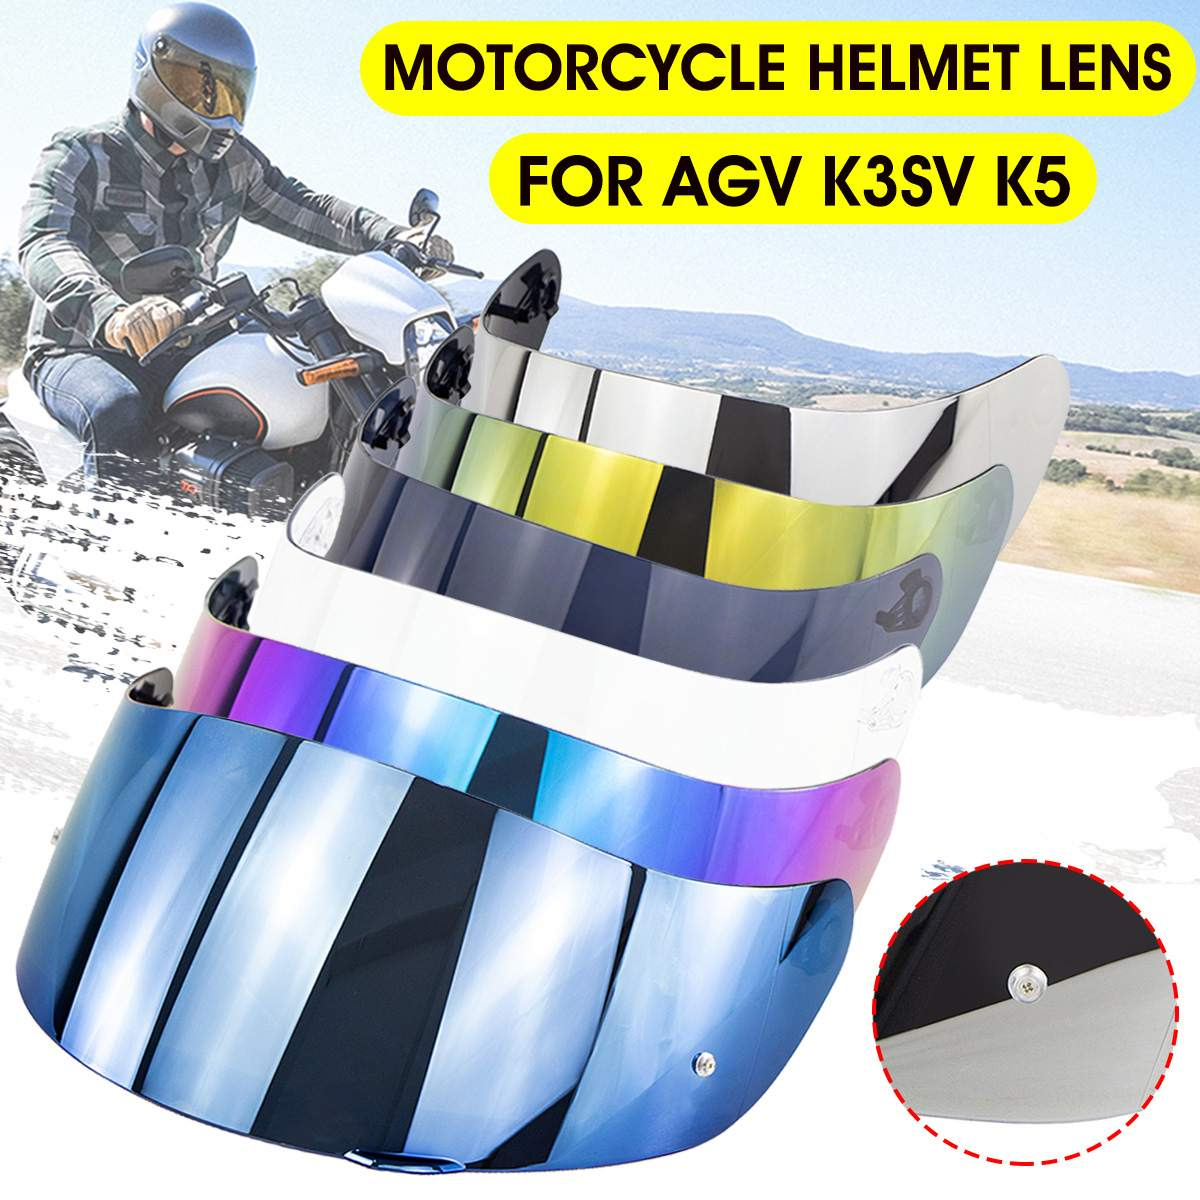 For JIEKAI 316 902 Model GXT 902 Model K3SV K5 Motorcycle Helmet Glasses Visors
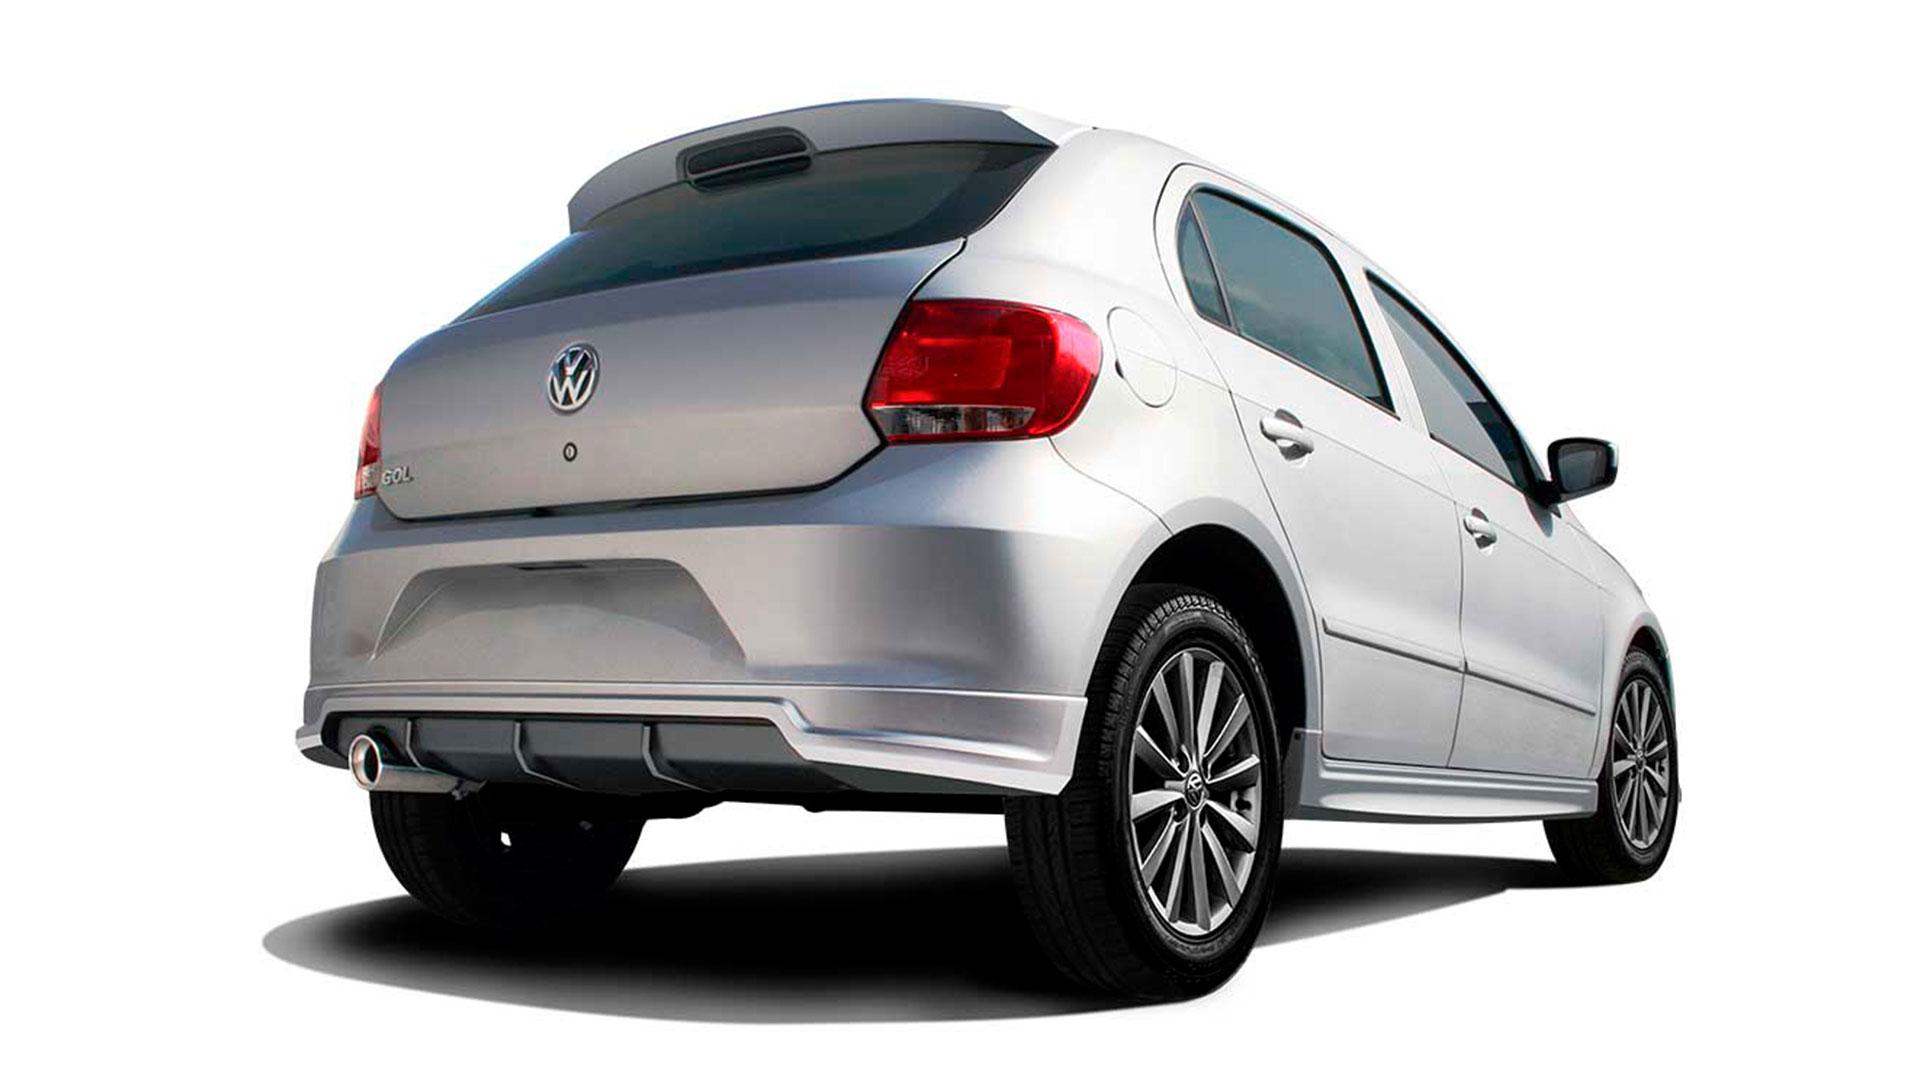 Body kit para Gol de Volkswagen disponible para varias versiones de modelos.
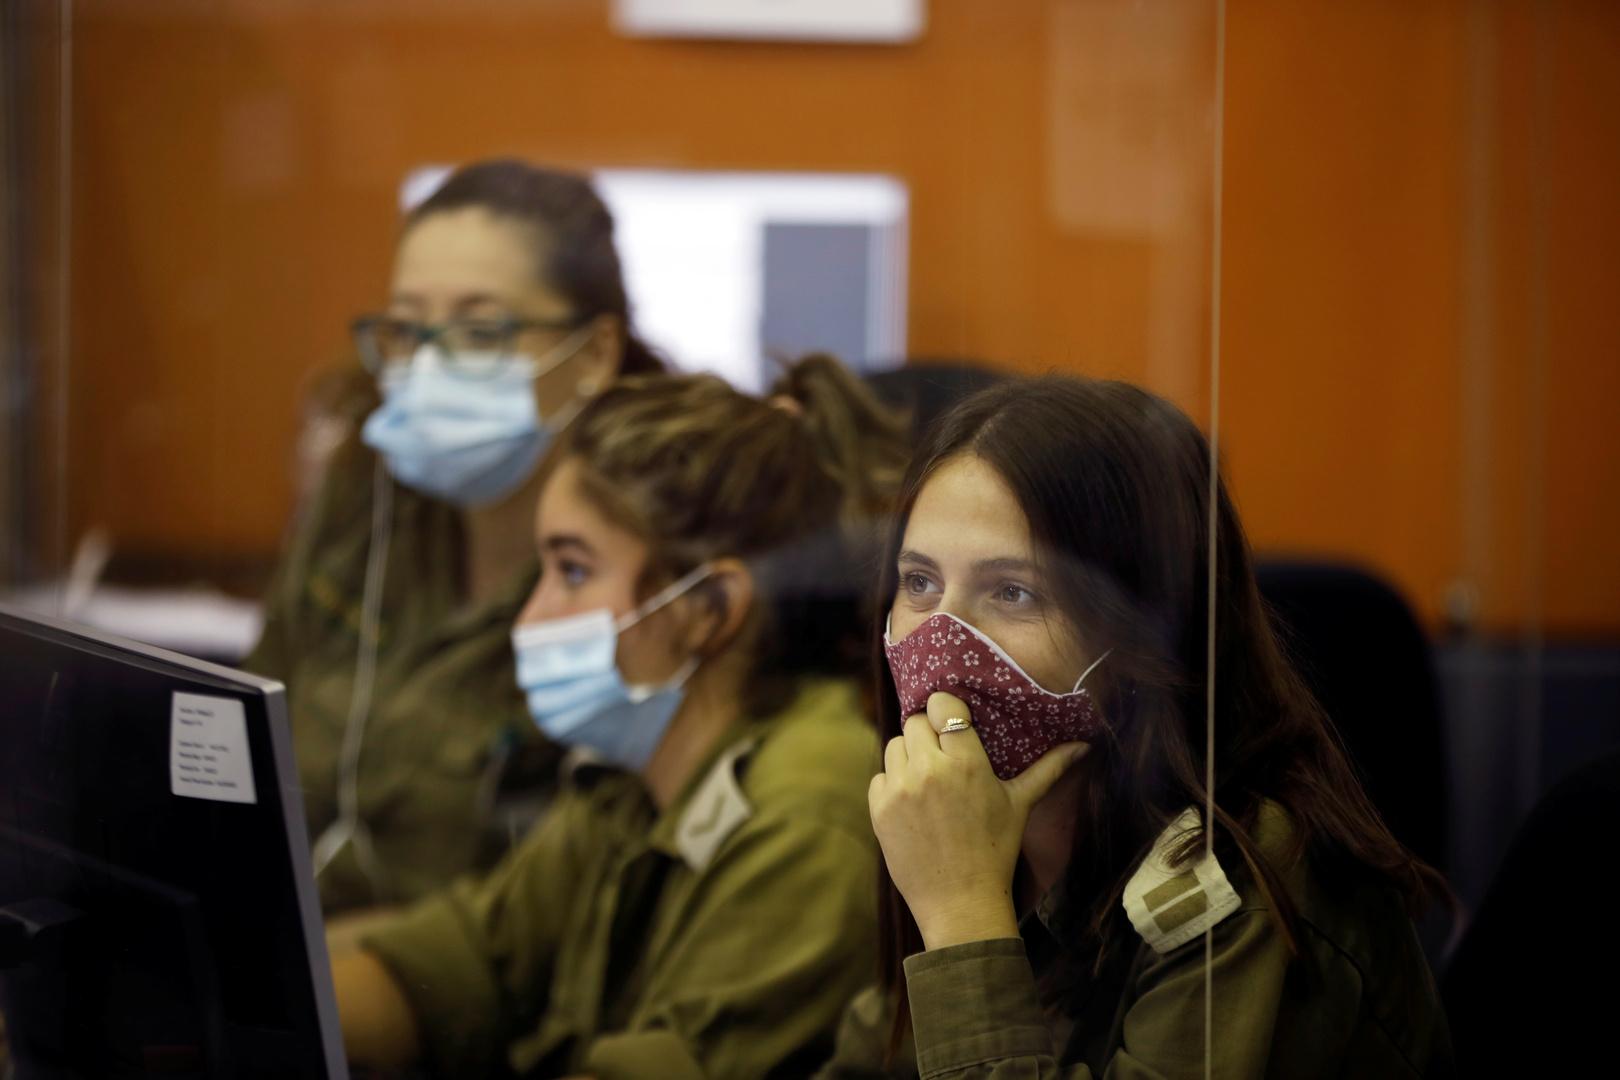 879 إصابة بكوفيد 19 داخل الجيش الإسرائيلي و4536 في الحجر الصحي
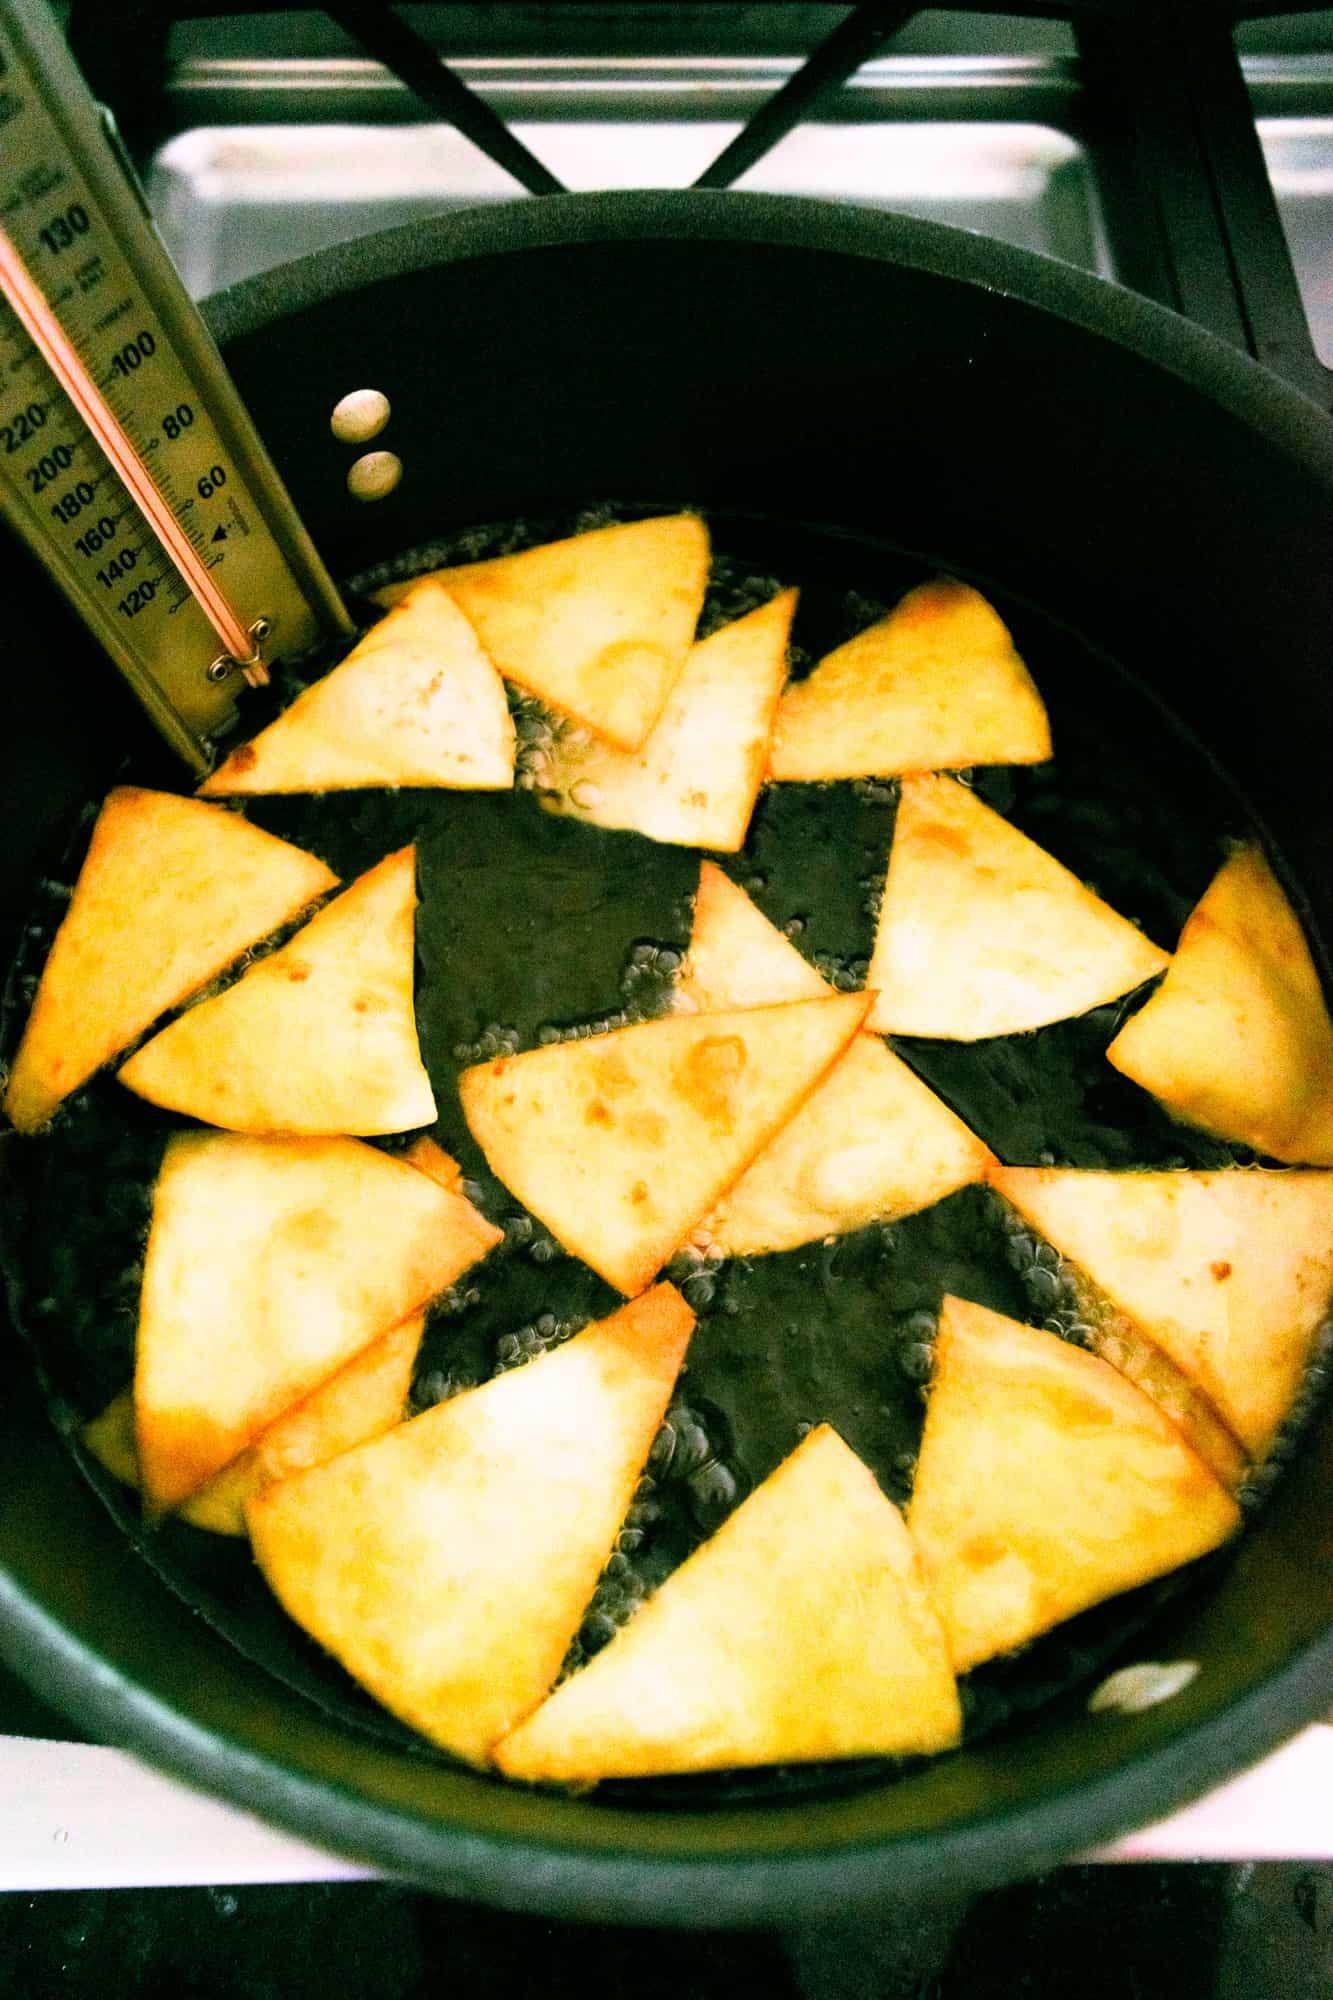 fried tortilla

==========

[Instructions for the task] Text only, please: give the listing again word for word with no images.

[Task answer]
 For JIEKAI 316 902 Model GXT 902 Model K3SV K5 Motorcycle Helmet Glasses Visors
 Body kit para Gol de Volkswagen disponible para varias versiones de modelos.
 879 إصابة بكوفيد 19 داخل الجيش الإسرائيلي و4536 في الحجر الصحي
 fried tortilla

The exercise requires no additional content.